Annonce d’une double réaction :
quarantaine (mesure pour limiter la propagation d’une épidémie) sur l’acheminement « d’équipement militaire offensif », ce n’est pas un blocus (alors que les Soviétiques en ont fait un, eux, à Berlin en 1948-1949).
• menace de représailles massives sur l’URSS, c’est-à-dire l’emploi massif de l’arsenal nucléaire (bombes et missiles), en application de la doctrine Dulles valable depuis 1954. Elle est remplacée après la crise de 1962 par la [doctrine McNamara], de réponse graduée suivant la situation, plus flexible.

http://librecours.eu.free.fr/spip/IMG/pdf/1e_03_doc_propagande_de_guerre_2016-10.pdf

Document 2 : allons jusqu’au bout
Message de Fidel Castro (36 ans), alors premier ministre de Cuba (le président de la république de Cuba était alors https://fr.wikipedia.org/wiki/Osvaldo_Dorticós_Torrado). Le message n’est pas public, il n’est pas largement diffusé.

• champ lexical communiste : « camarade », « impérialistes » et « Fraternellement », c’est-à-dire ce qui relie les deux alliés.
• « gratitude infinie », « reconnaissance », « si généreux » et « notre admiration » : situation de dépendance vis-à-vis de l’URSS.
• adversaire est « impérialiste » (voulant conquérir un empire), « politique d’agression » (ils veulent la guerre), « dangereuse pour l’humanité », « contre les lois et principes »

Jusqu’auboutisme :
demande à peine voilée de déclencher une guerre thermonucléaire, que l’URSS mène une frappe préventive (first strike), présentée et justifiée comme de l’« auto-défense légitime ».

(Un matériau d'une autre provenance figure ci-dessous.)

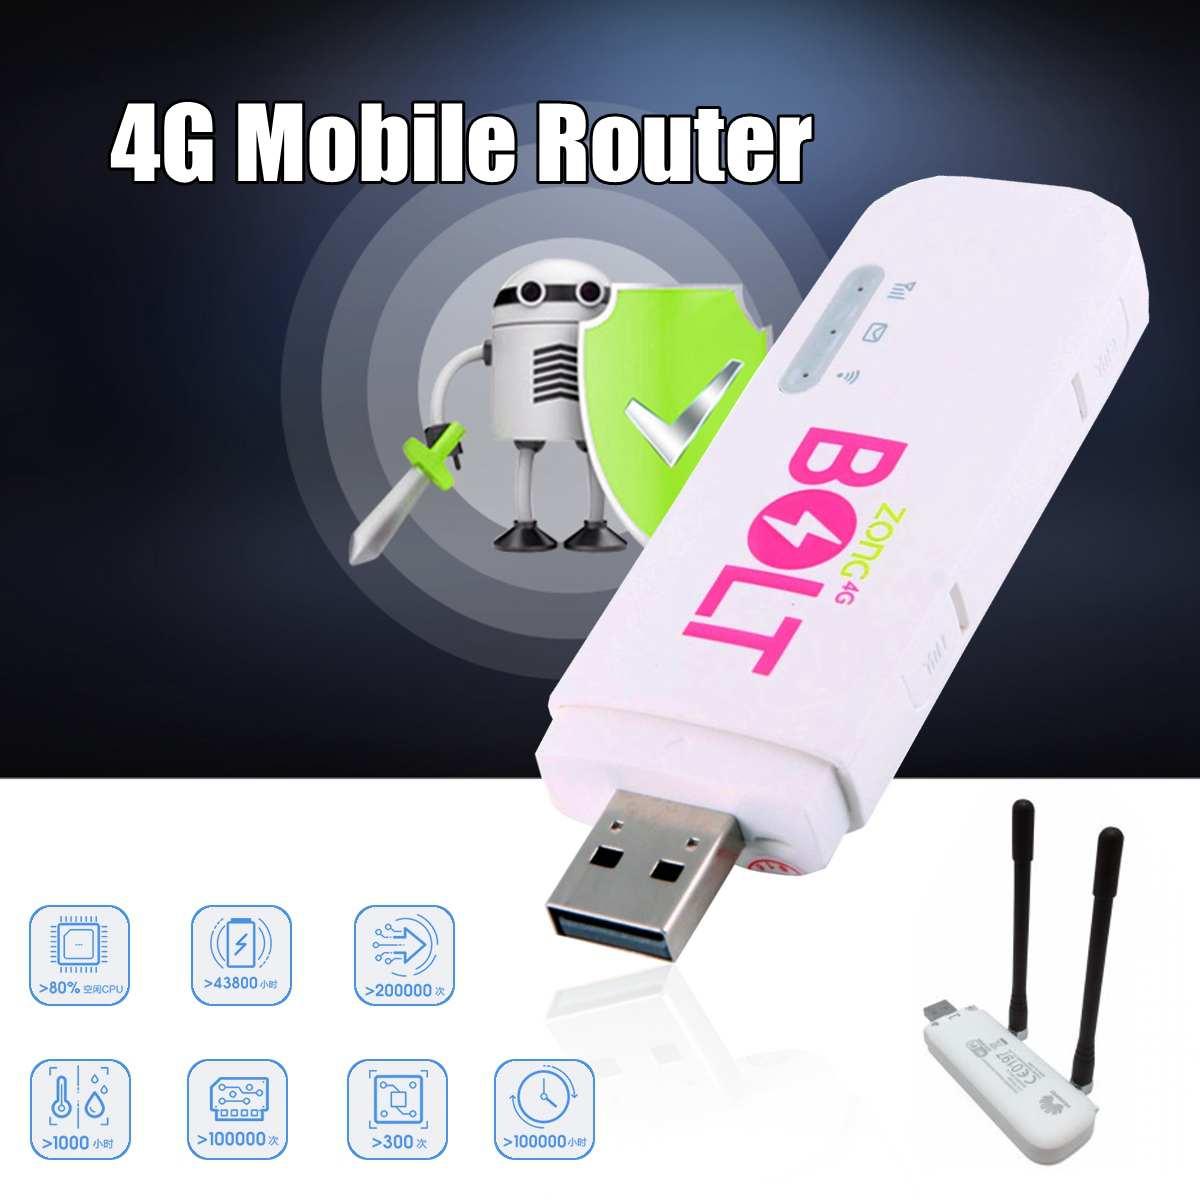 Routeur sans fil d'usb WIFI de Hotspot de voiture Mobile portative de 4G LTE avec l'antenne pour le modem sans fil de routeur déloqué par tablette de Smartphone
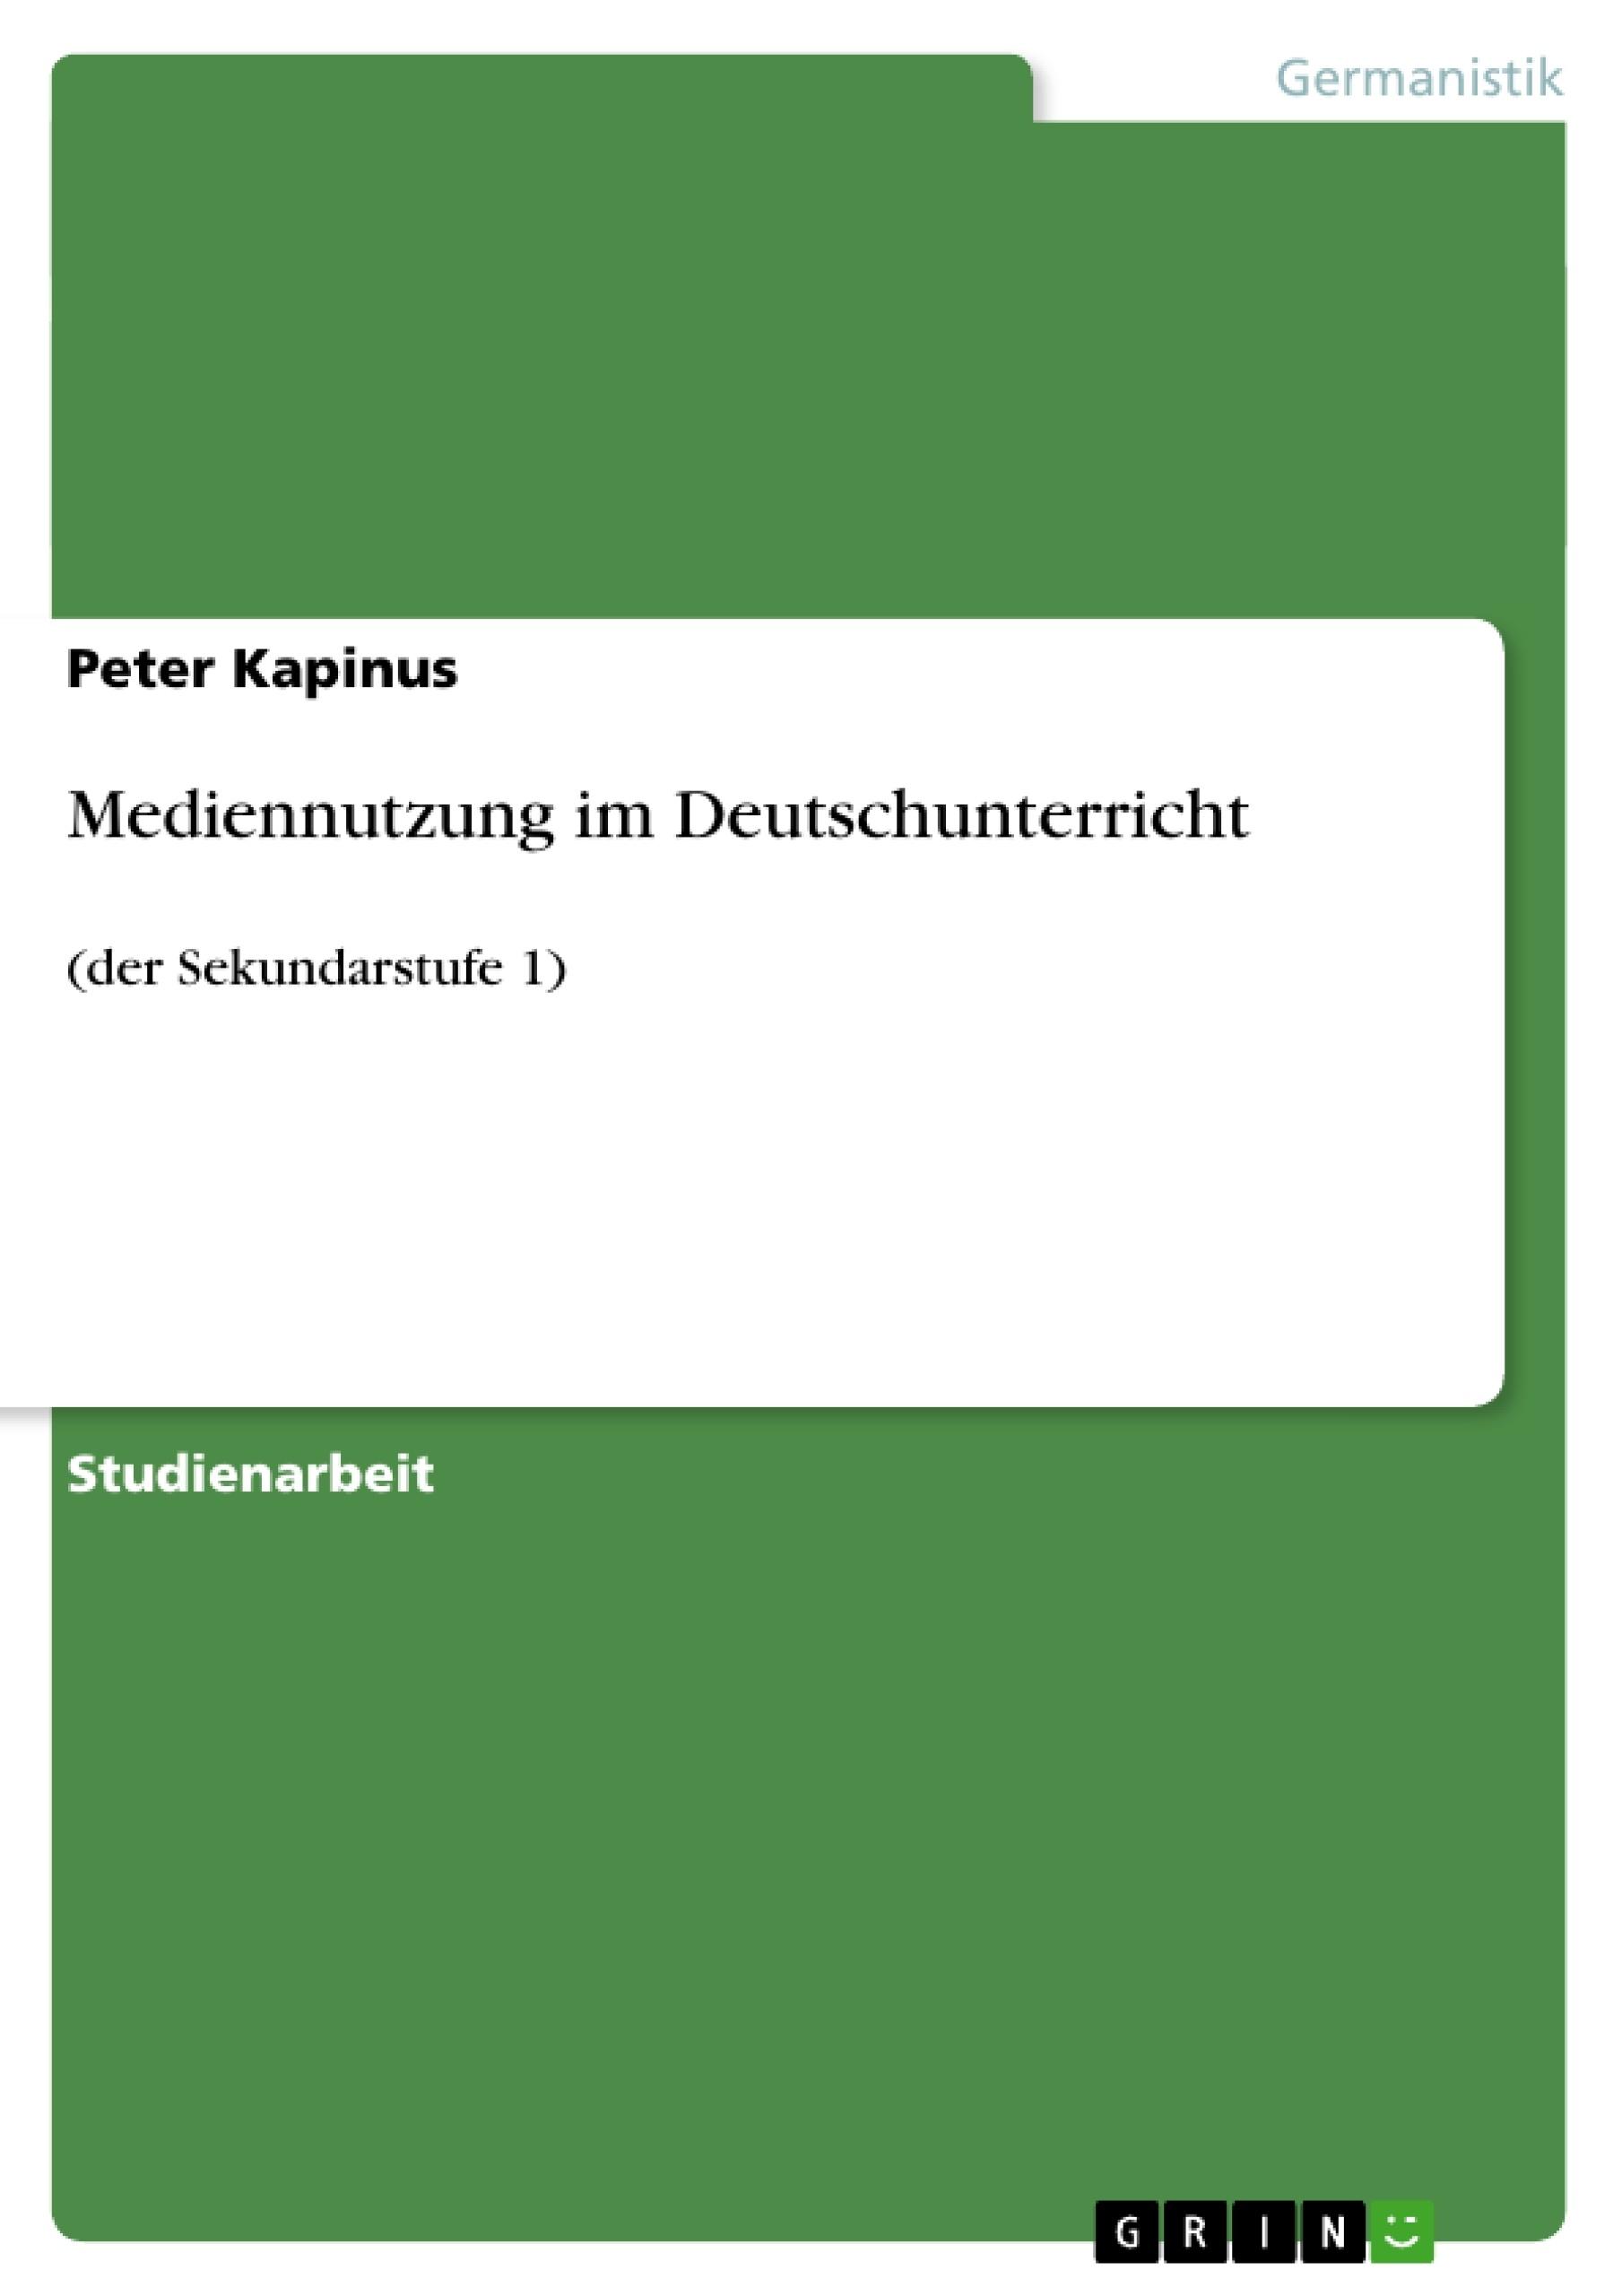 Titel: Mediennutzung im Deutschunterricht

Document 3 : trouvons une solution
Deux messages de Nikita Khrouchtchev (alors 68 ans), président du Conseil des ministres d’URSS et premier secrétaire du Comité central du PCUS, adressé au président des États-Unis, via l’ambassade américaine pour le premier et via Radio-Moscou pour le second.

premier message : un deal donnant-donnant, pragmatique
Cuba contre la Turquie, permettant aux deux camps de ne pas perdre la face lors de ce bras de fer.

second message plus agressif :
• accusation de « piraterie », « en usage au Moyen Âge » (vous être des arriérés)
• aucune garantie en échange
• menaçant, rejetant les responsabilités sur Kennedy d’une guerre thermonucléaire.

Le 27, le gouvernement américain fit le choix de répondre seulement au premier message, en appliquant un minimum d’empathie pour comprendre la situation à Moscou. La sortie de crise fut donc trouvée par la négociation.


[1EDT, Eastern Daylight Time, désigne le fuseau horaire de la côte Est des États-Unis en été, en retard de quatre heures sur l’UTC, le temps universel coordonné (soit à peu près l’heure de Greenwich, GMT). En hiver, l’heure de l’Est est UTC-05:00 (EST, Eastern Standard Time). Quant à l’heure de Moscou, elle correspond à UTC+03:00.